* Problem description
Although the data below contains pictures, please reproduce only its words, exactly.

* Data block
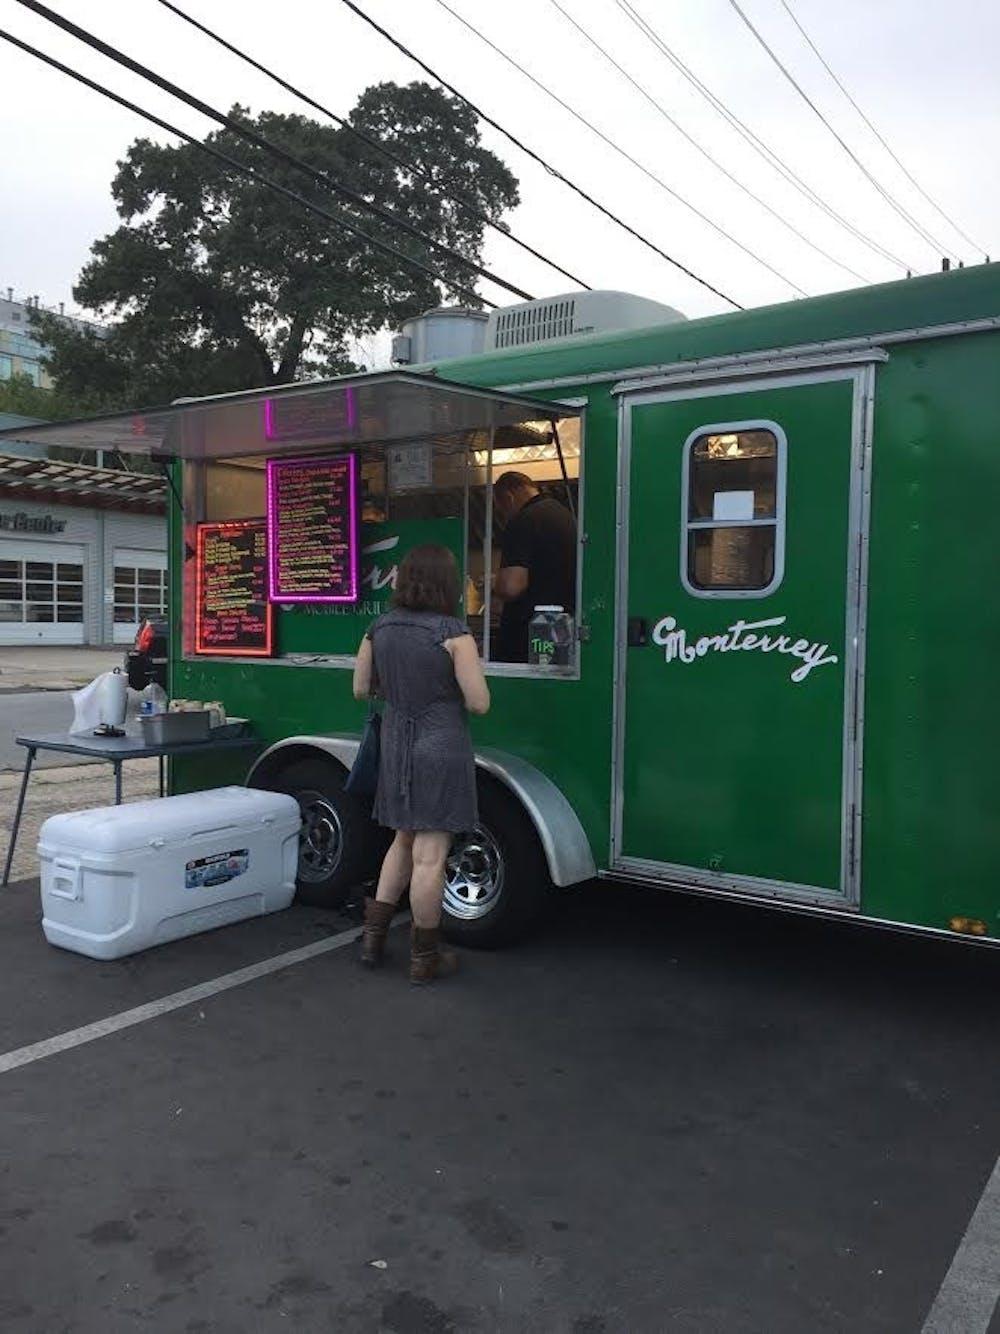 <p>The Monterrey Mexican food truck parks around town.&nbsp;</p>
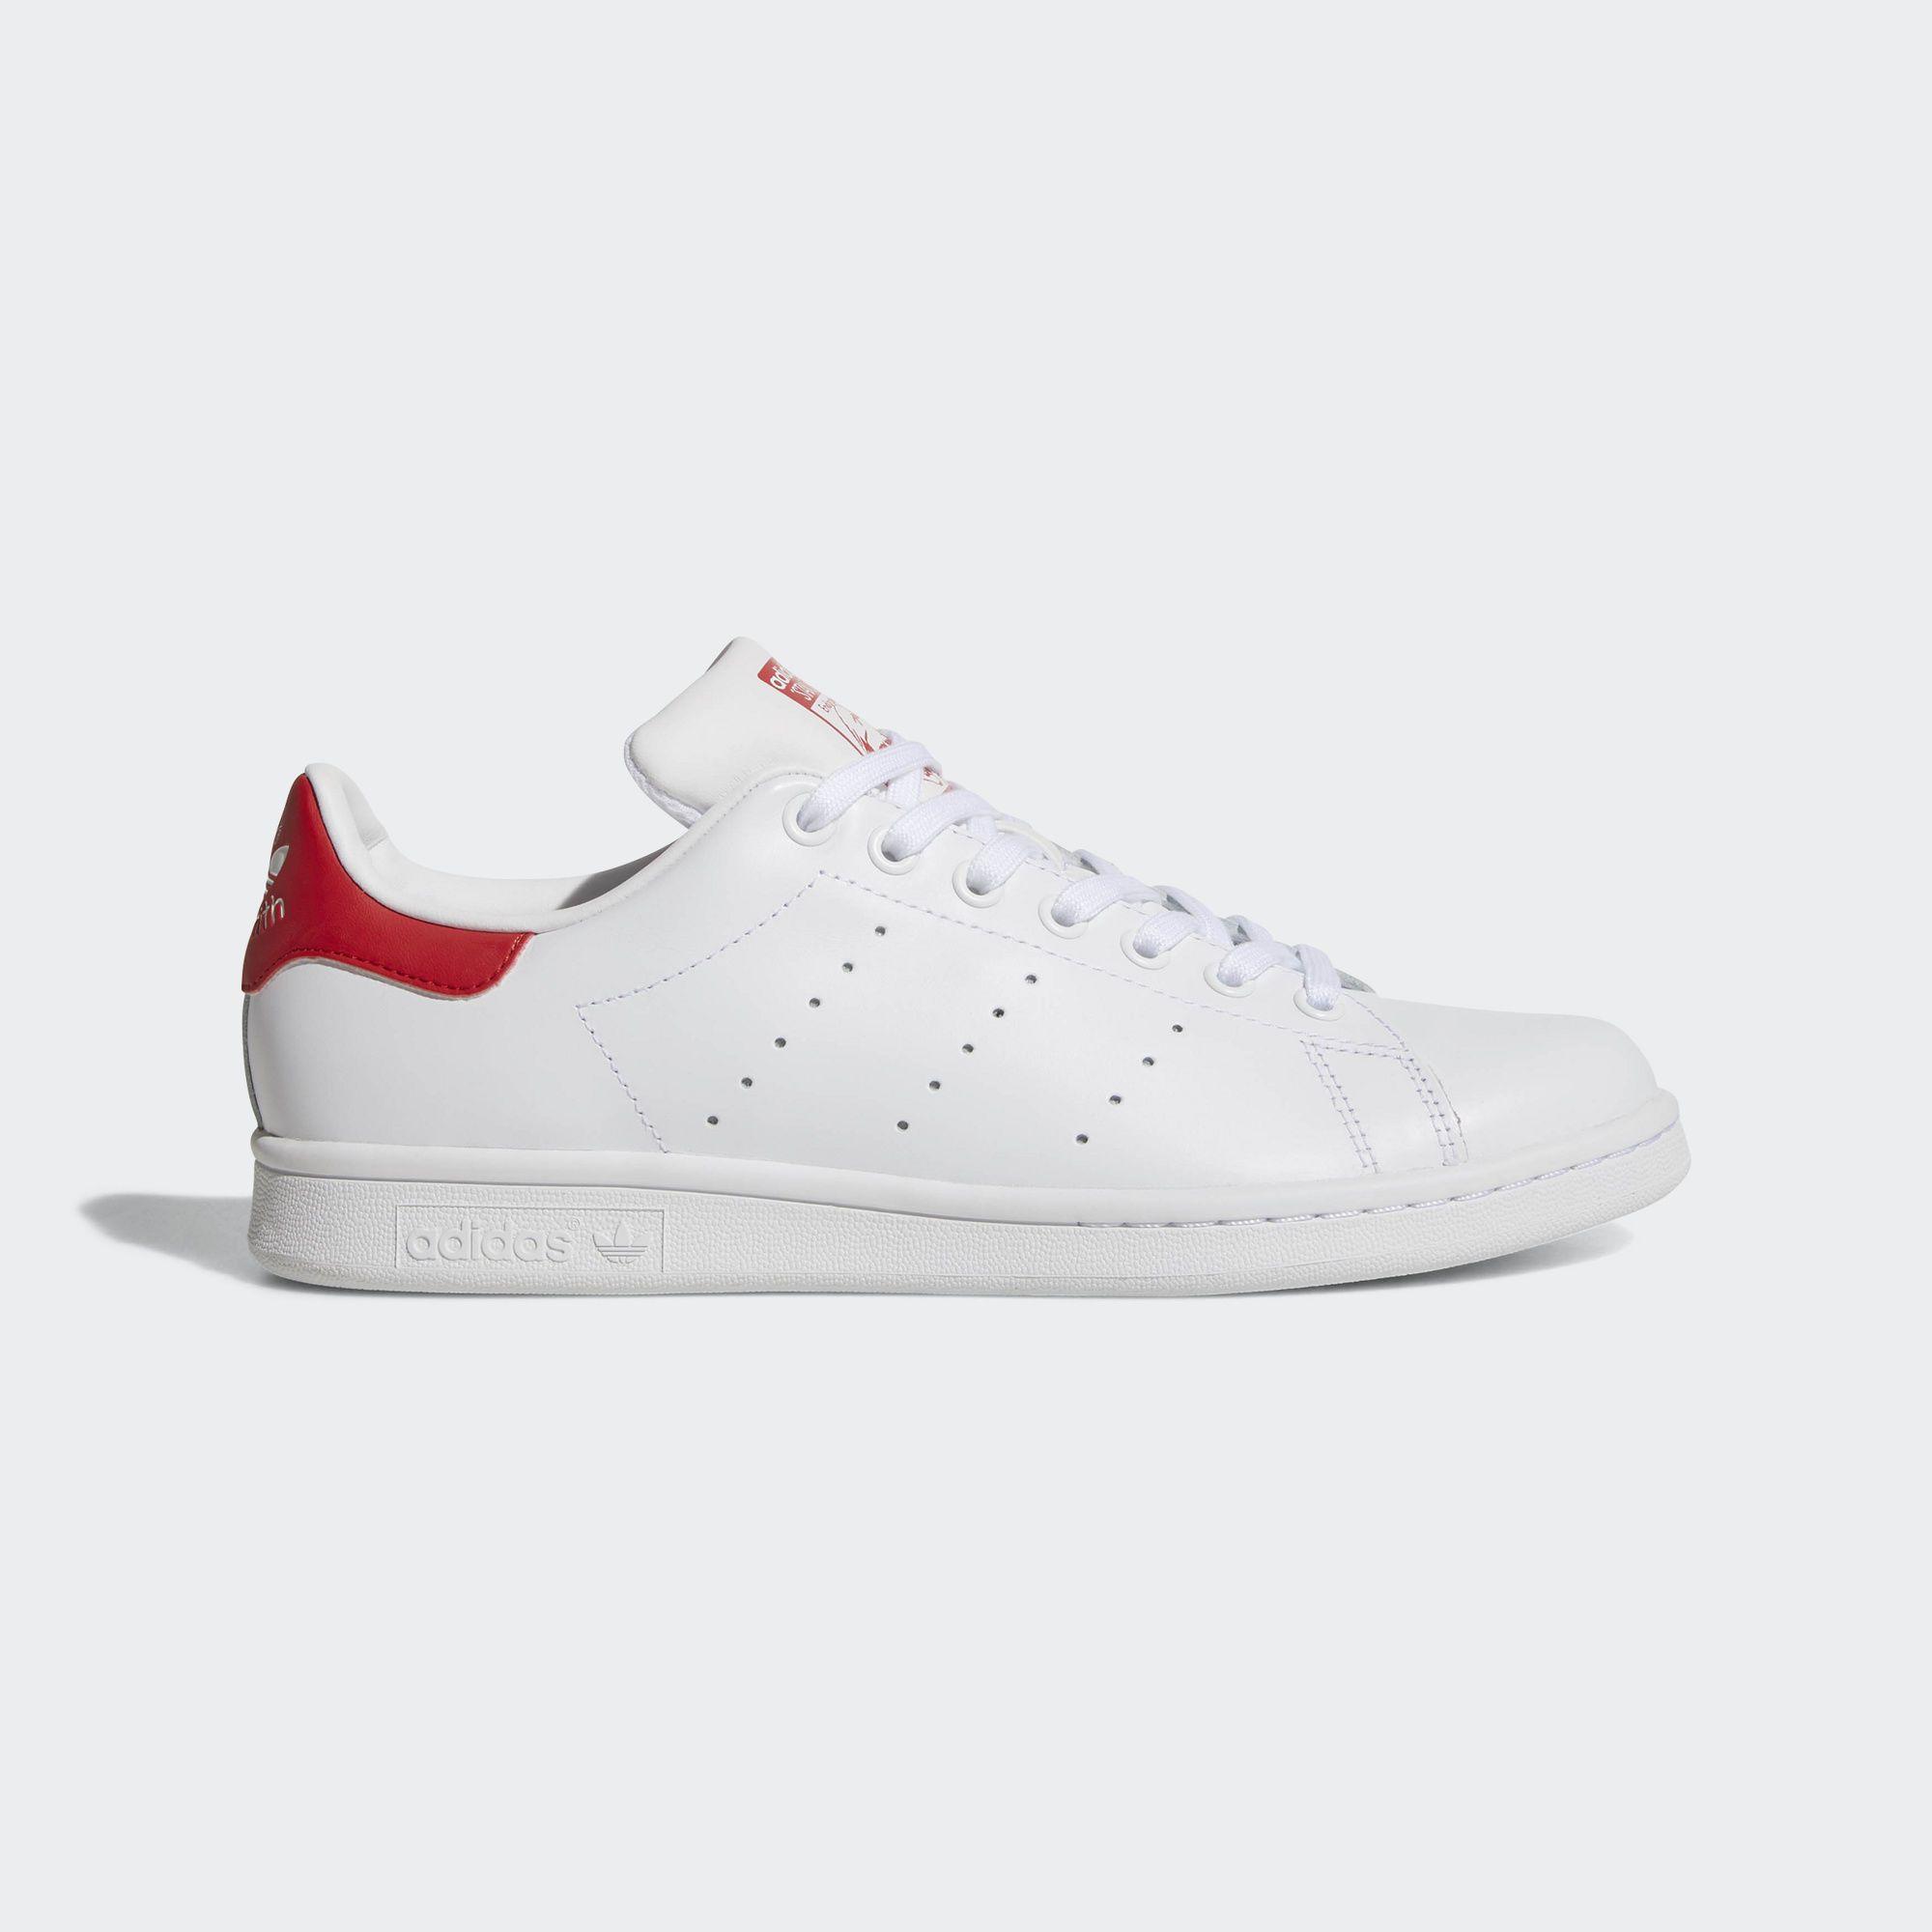 Adidas Originals Stan Smith – Coming
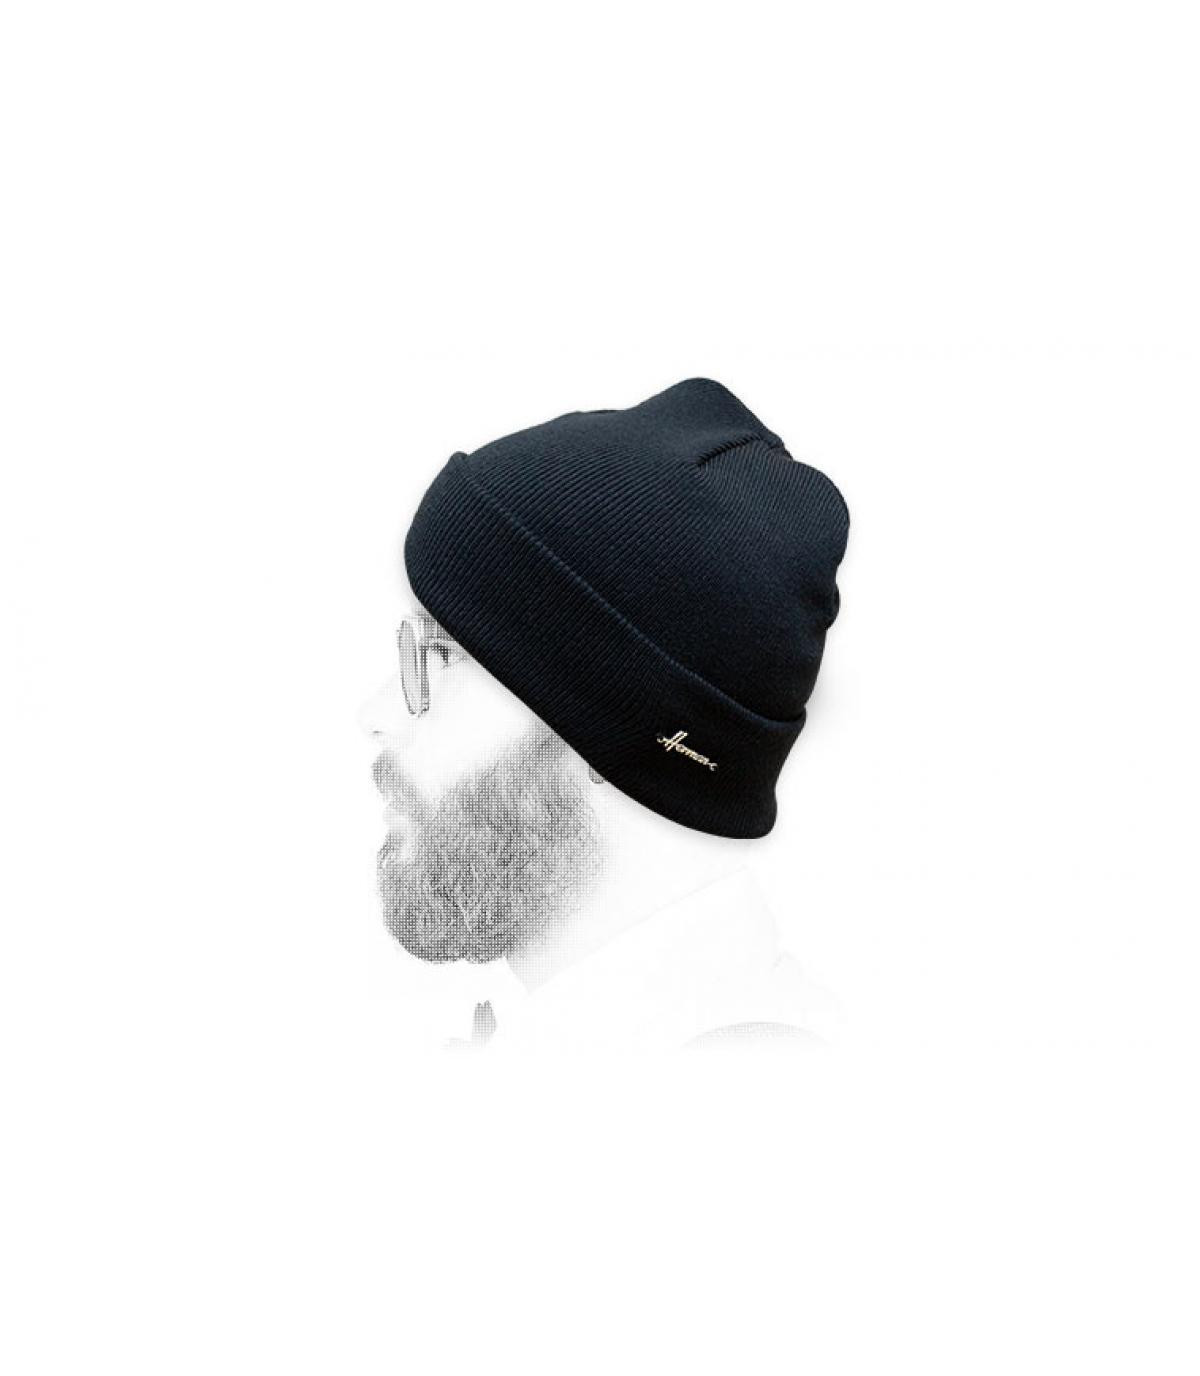 Mütze mit Rand marineblau

* Solution to the exercise
 <p>The Monterrey Mexican food truck parks around town.&nbsp;</p>
 Adidas Originals Stan Smith – Coming
 Mütze mit Rand marineblau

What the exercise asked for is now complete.